In this recipe, we will learn how to create and use a ring buffer on top of a C++ array:
- In your working ~/test directory, create a subdirectory called ringbuf.
- Use your favorite text editor to create a ringbuf.cpp file in the ringbuf subdirectory.
- Define the RingBuffer class, starting from the private data fields:
#include <iostream>
template<class T, size_t N>
class RingBuffer {
private:
T objects[N];
size_t read;
size_t write;
size_t queued;
public:
RingBuffer(): read(0), write(0), queued(0) {}
- Now we add a method to push data to the buffer:
T& push() {
T& current = objects[write];
write = (write + 1) % N;
queued++;
if (queued > N) {
queued = N;
read = write;
}
return current;
}
- Next, we add a method to pull data from the buffer:
const T& pull() {
if (!queued) {
throw std::runtime_error("No data in the ring buffer");
}
T& current = objects[read];
read = (read + 1) % N;
queued--;
return current;
}
- Let's add a small method to check whether the buffer contains any data and wrap up the class definition:
bool has_data() {
return queued != 0;
}
};
- With RingBuffer defined, we can now add code that uses it. Firstly, let's define the data type we are going to use:
struct Frame {
uint32_t index;
uint8_t data[1024];
};
- Secondly, add the main function and define an instance of RingBuffer as its variable, along with code that tries to work with an empty buffer:
int main() {
RingBuffer<Frame, 10> frames;
std::cout << "Frames " << (frames.has_data() ? "" : "do not ")

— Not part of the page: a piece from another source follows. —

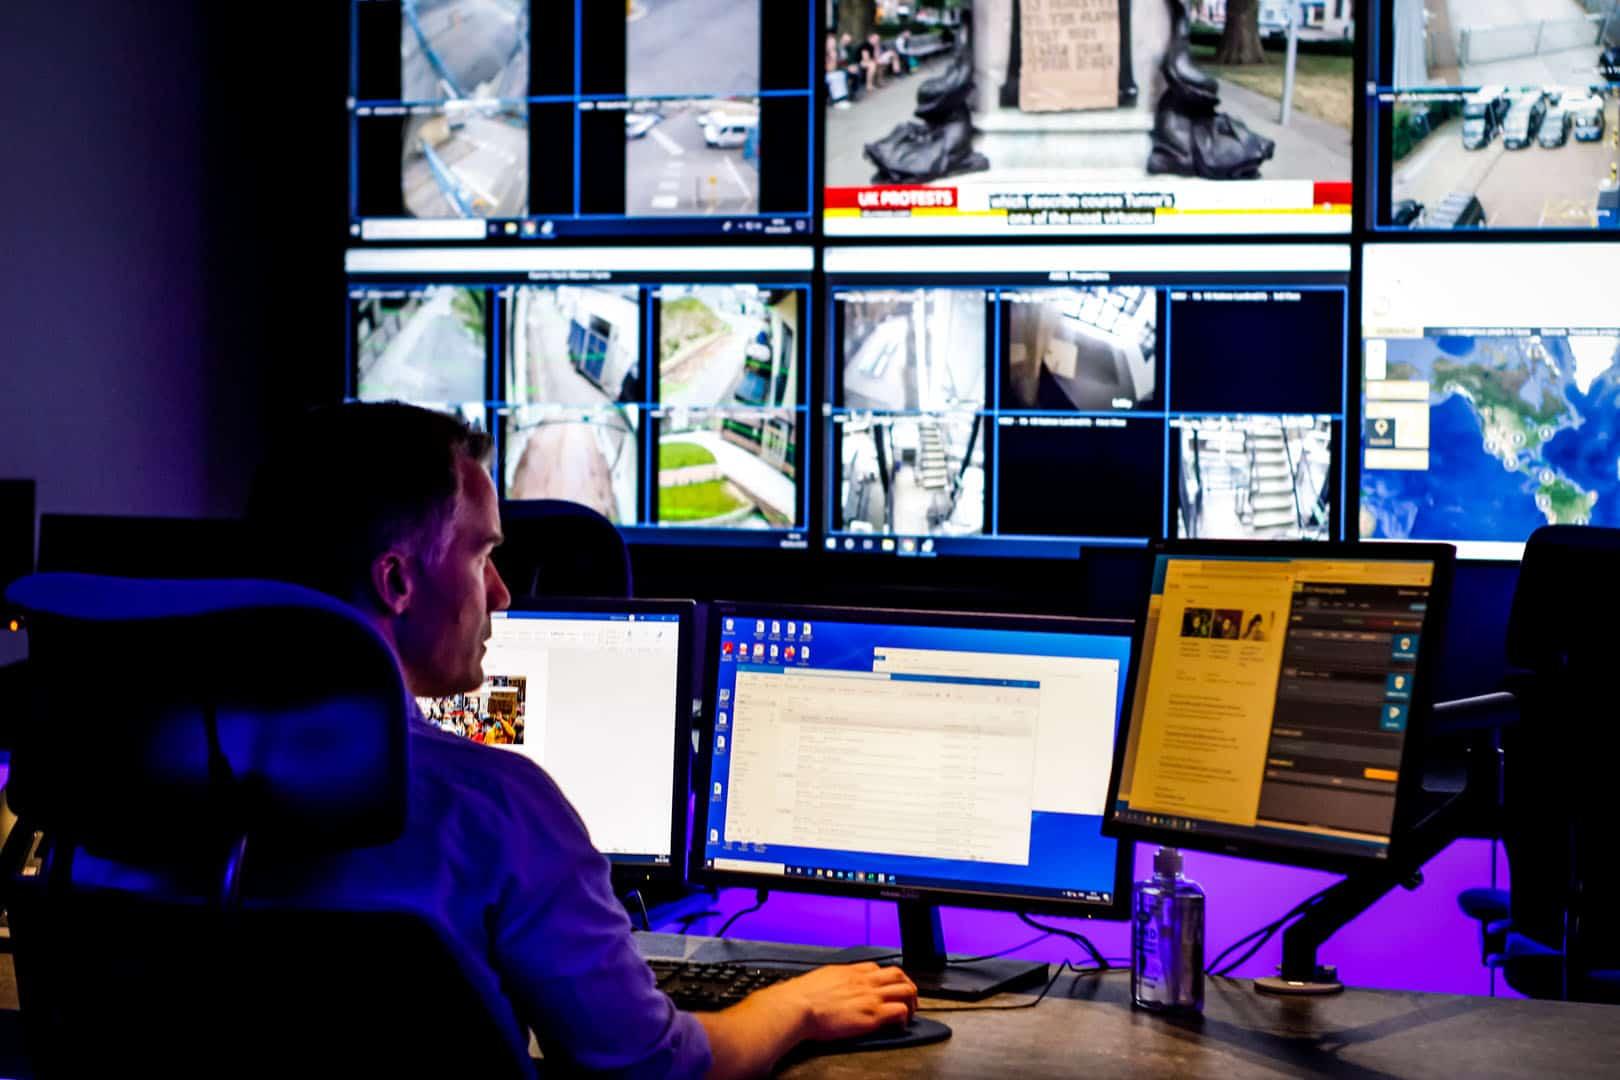 remote cctv monitoring control room image

<< "contain data" << std::endl;
try {
const Frame& frame = frames.pull();
} catch (std::runtime_error e) {
std::cout << "Exception caught: " << e.what() << std::endl;
}
- Next, add code that works with five elements in the buffer:
for (size_t i = 0; i < 5; i++) {
Frame& out = frames.push();
out.index = i;
out.data[0] = 'a' + i;
out.data[1] = '\0';
}
std::cout << "Frames " << (frames.has_data() ? "" : "do not ")
<< "contain data" << std::endl;
while (frames.has_data()) {
const Frame& in = frames.pull();
std::cout << "Frame " << in.index << ": " << in.data << std::endl;
}
- After that, add similar code that deals with a larger number of elements that can be added:
for (size_t i = 0; i < 26; i++) {
Frame& out = frames.push();
out.index = i;
out.data[0] = 'a' + i;
out.data[1] = '\0';
}
std::cout << "Frames " << (frames.has_data() ? "" : "do not ")
<< "contain data" << std::endl;
while (frames.has_data()) {
const Frame& in = frames.pull();
std::cout << "Frame " << in.index << ": " << in.data << std::endl;
}
}
- Create a file called CMakeLists.txt in the loop subdirectory with the following content:
cmake_minimum_required(VERSION 3.5.1)
project(ringbuf)
add_executable(ringbuf ringbuf.cpp)
set(CMAKE_SYSTEM_NAME Linux)
set(CMAKE_SYSTEM_PROCESSOR arm)
SET(CMAKE_CXX_FLAGS "--std=c++11")
set(CMAKE_CXX_COMPILER /usr/bin/arm-linux-gnueabi-g++)
- Build the application and copy the resulting executable binary to the target system. Use recipes from Chapter 2, Setting Up the Environment, to do it.
- Switch to the target system terminal. Log in using user credentials, if needed.
- Run the binary.